- [Exercise] Return, exactly and in full, the lines of the records below starting at the one with "SeaHunter-45 Center Console" and ending at the one with "Jalopy - Ebay sale May 2018.jpg", and no other lines.

- [Records to use]

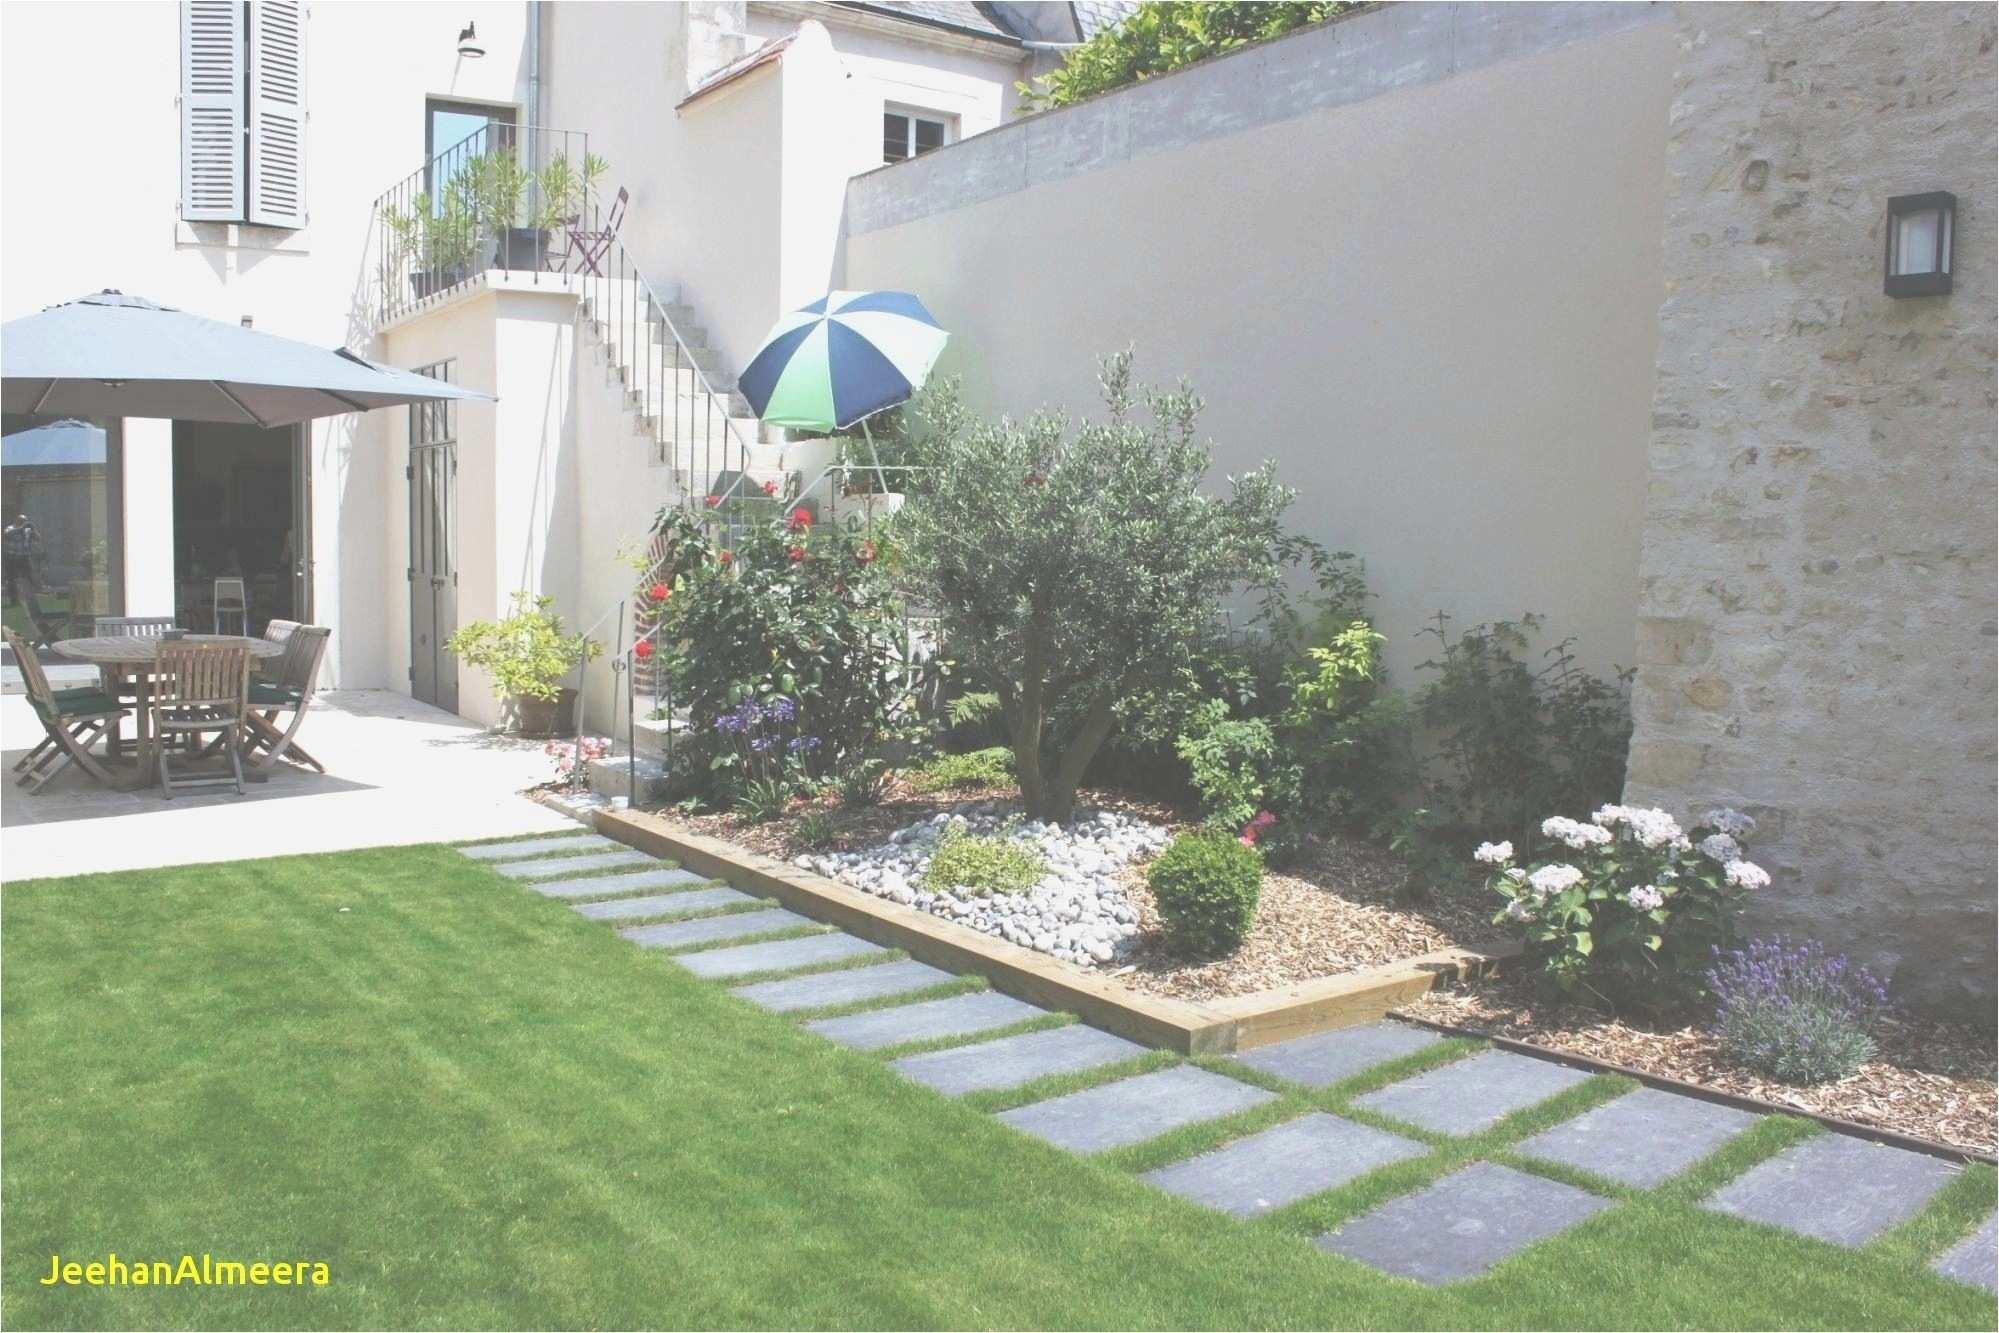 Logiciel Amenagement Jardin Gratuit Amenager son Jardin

---

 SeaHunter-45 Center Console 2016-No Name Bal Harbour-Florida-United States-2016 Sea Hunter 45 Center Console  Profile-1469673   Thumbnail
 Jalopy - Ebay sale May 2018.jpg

- [Task result]
 SeaHunter-45 Center Console 2016-No Name Bal Harbour-Florida-United States-2016 Sea Hunter 45 Center Console  Profile-1469673   Thumbnail
 Jalopy - Ebay sale May 2018.jpg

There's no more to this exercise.